**EXERCISE OBJECTIVE:** Your copy starts at the line containing "Apartamento Rural en Segovia - La Terrera" and ends at the last line below. Copy exactly, without pictures.

**MATERIAL PROVIDED:**
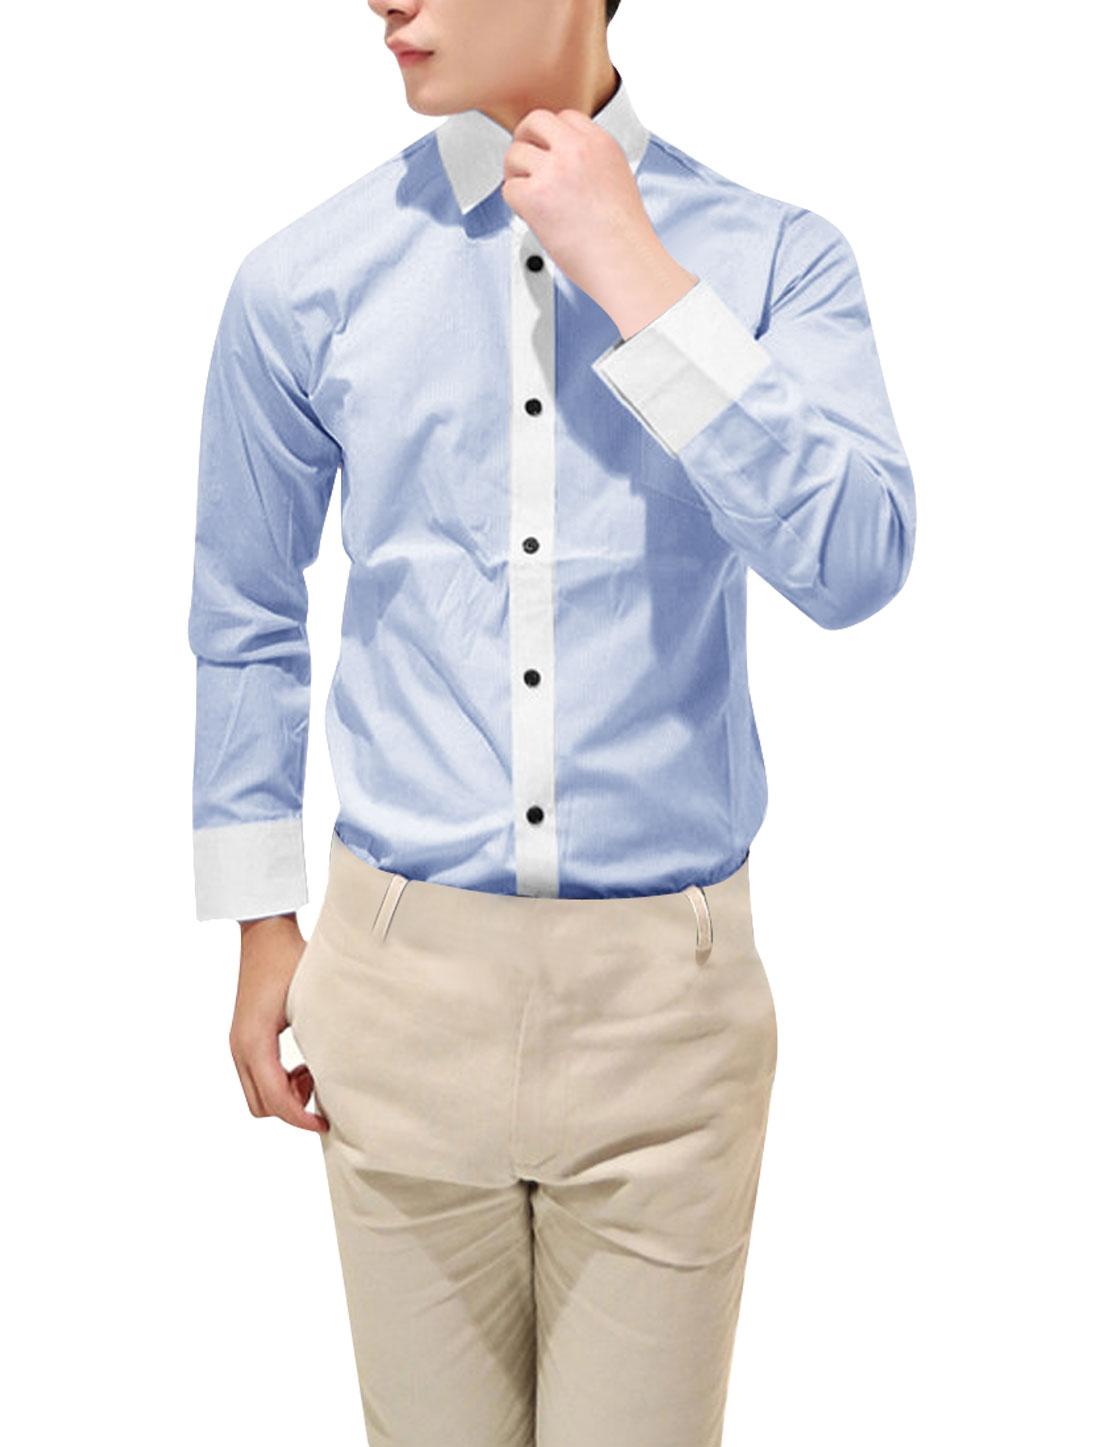 Men Light Blue White Vertical Striped Slim Fit Button Down Shirt M
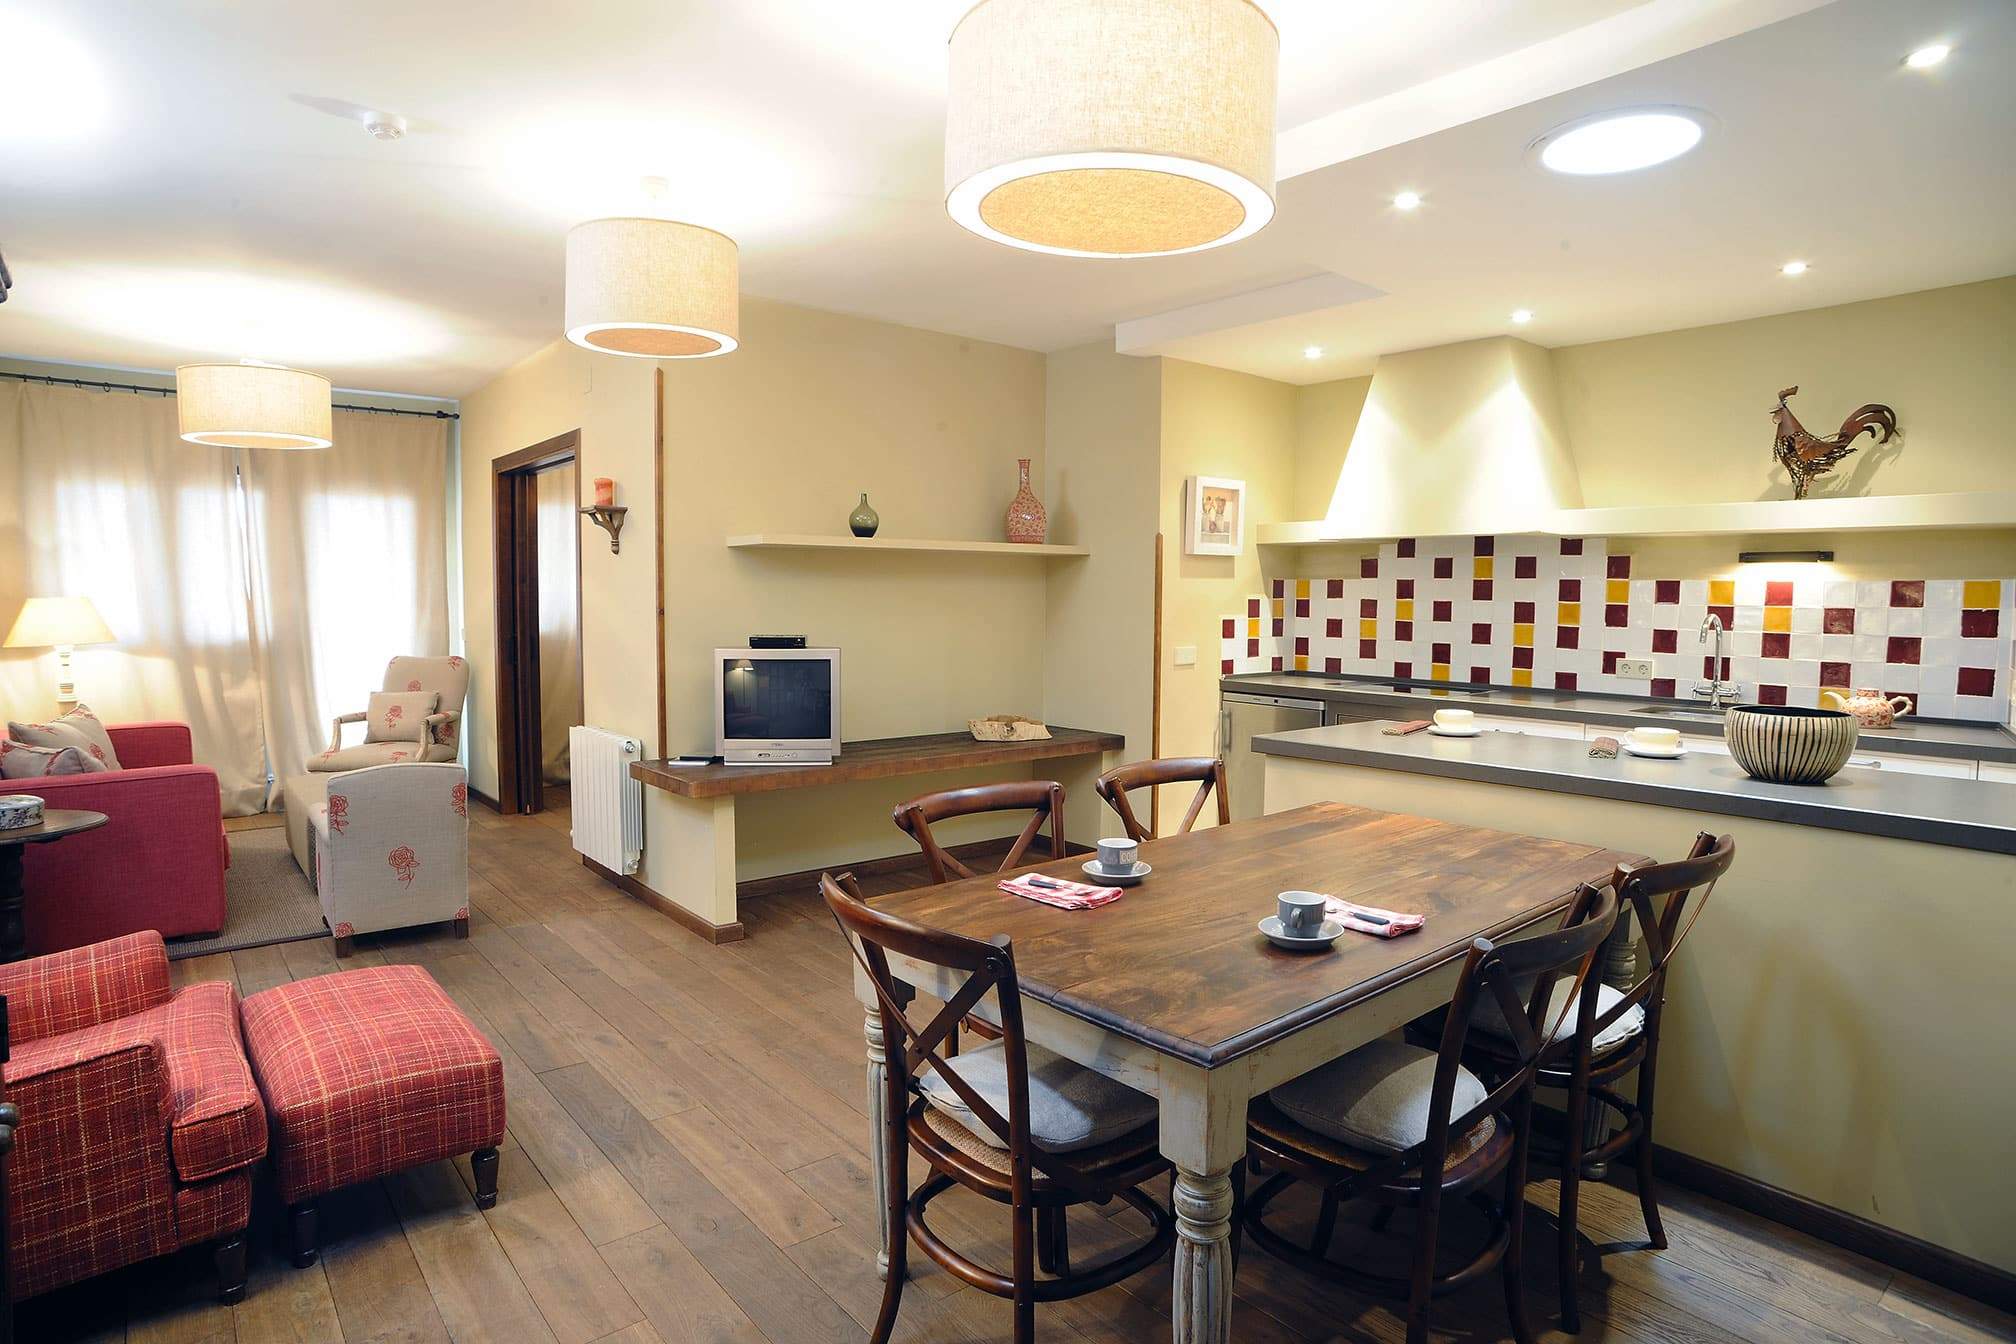 Apartamento Rural en Segovia - La Terrera
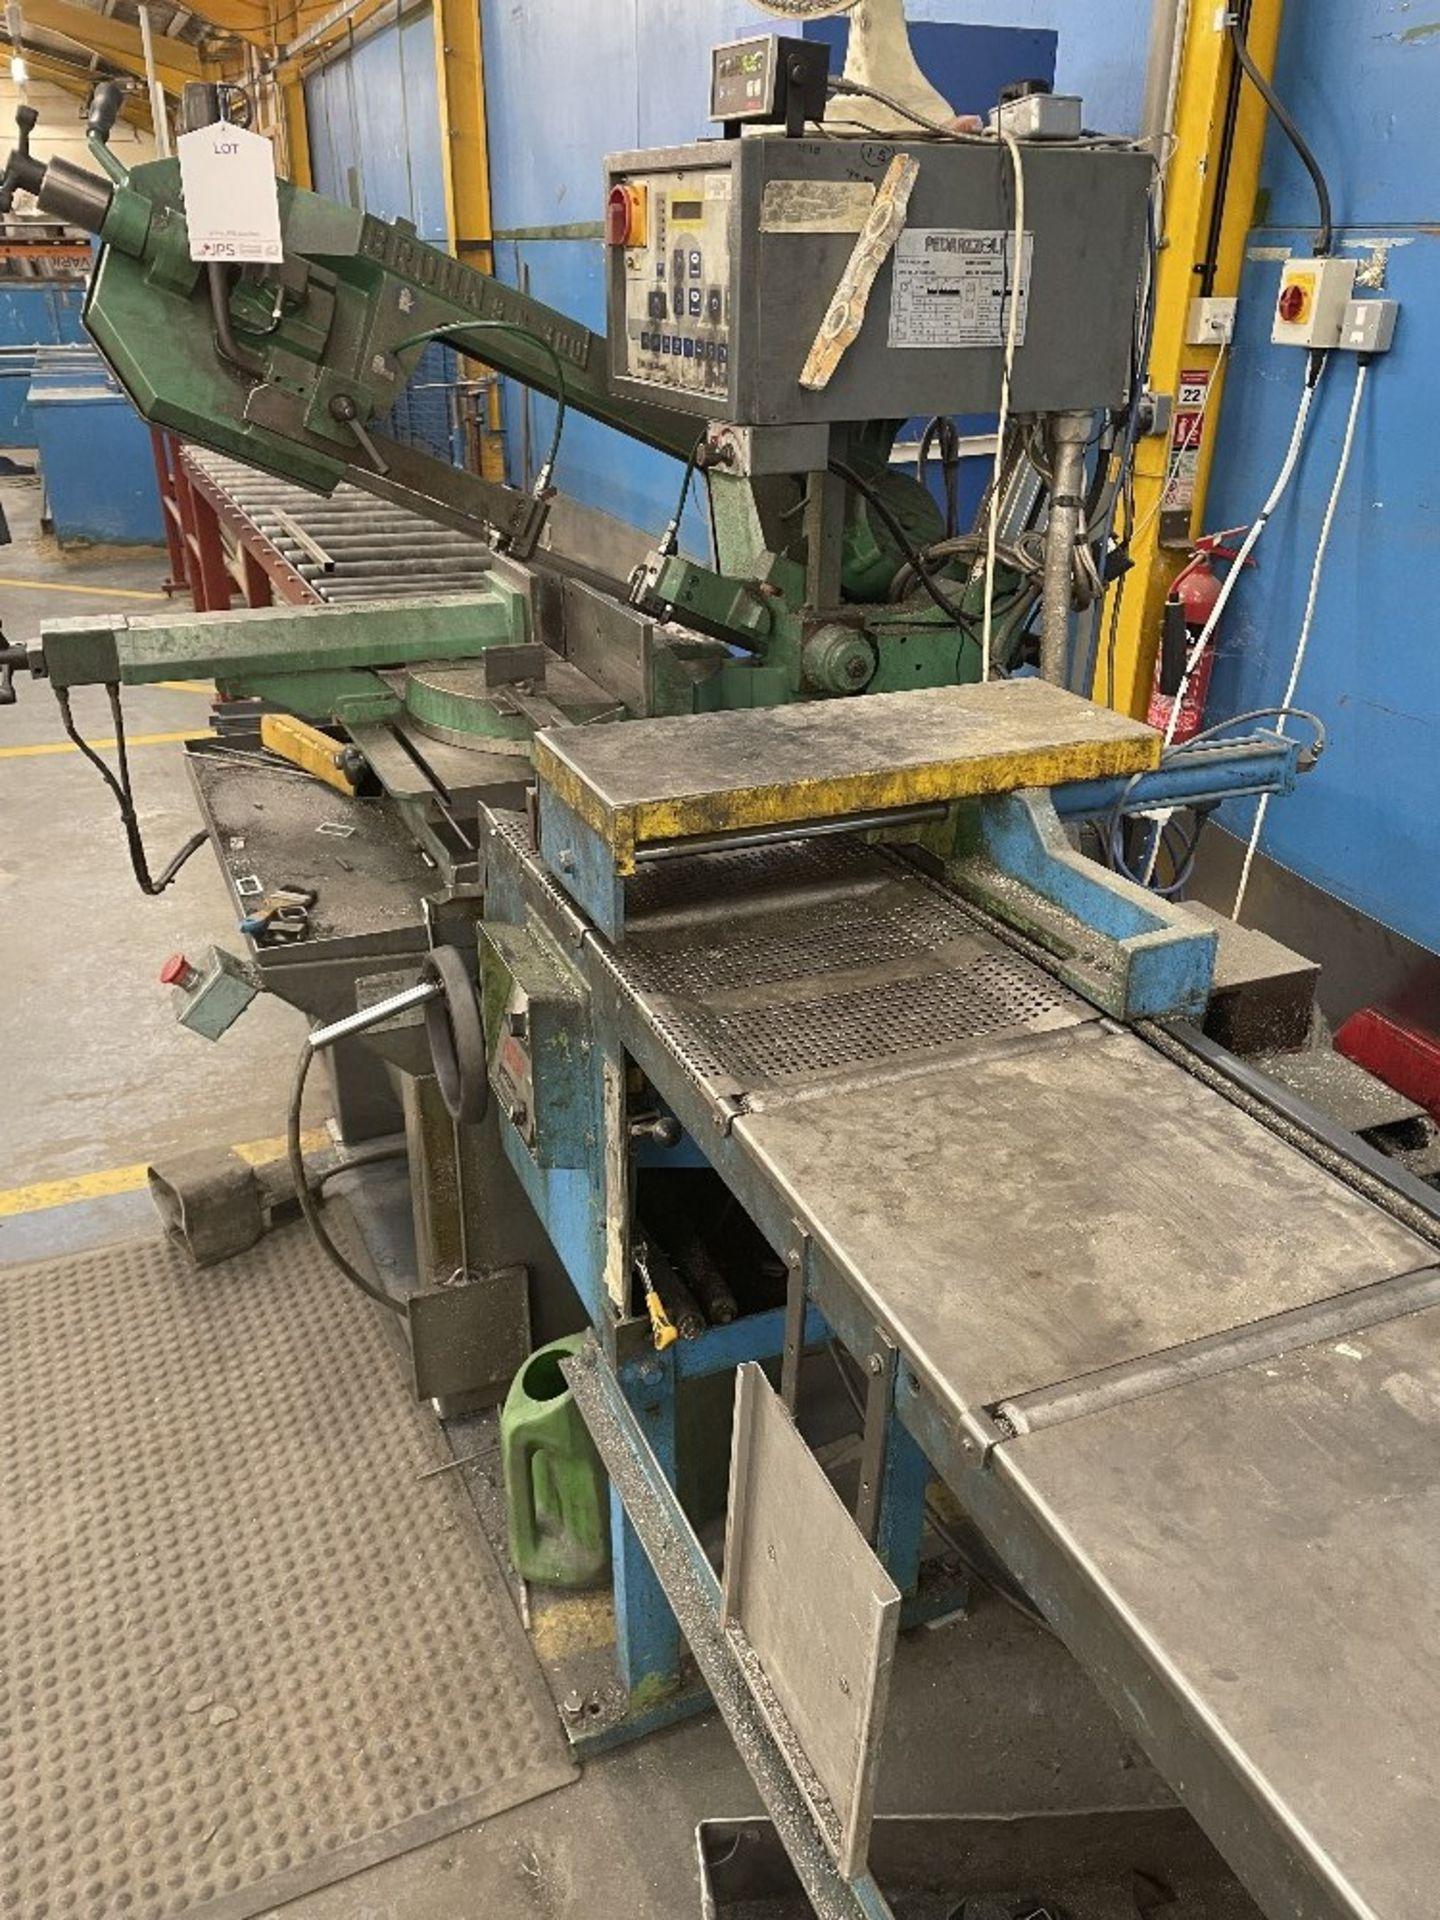 Pedrazzoli Brown SC 300 Horizontal Bandsaw w/ 4m Powered Conveyor - Image 11 of 12

**TASK OUTPUT:**
 Apartamento Rural en Segovia - La Terrera
 Pedrazzoli Brown SC 300 Horizontal Bandsaw w/ 4m Powered Conveyor - Image 11 of 12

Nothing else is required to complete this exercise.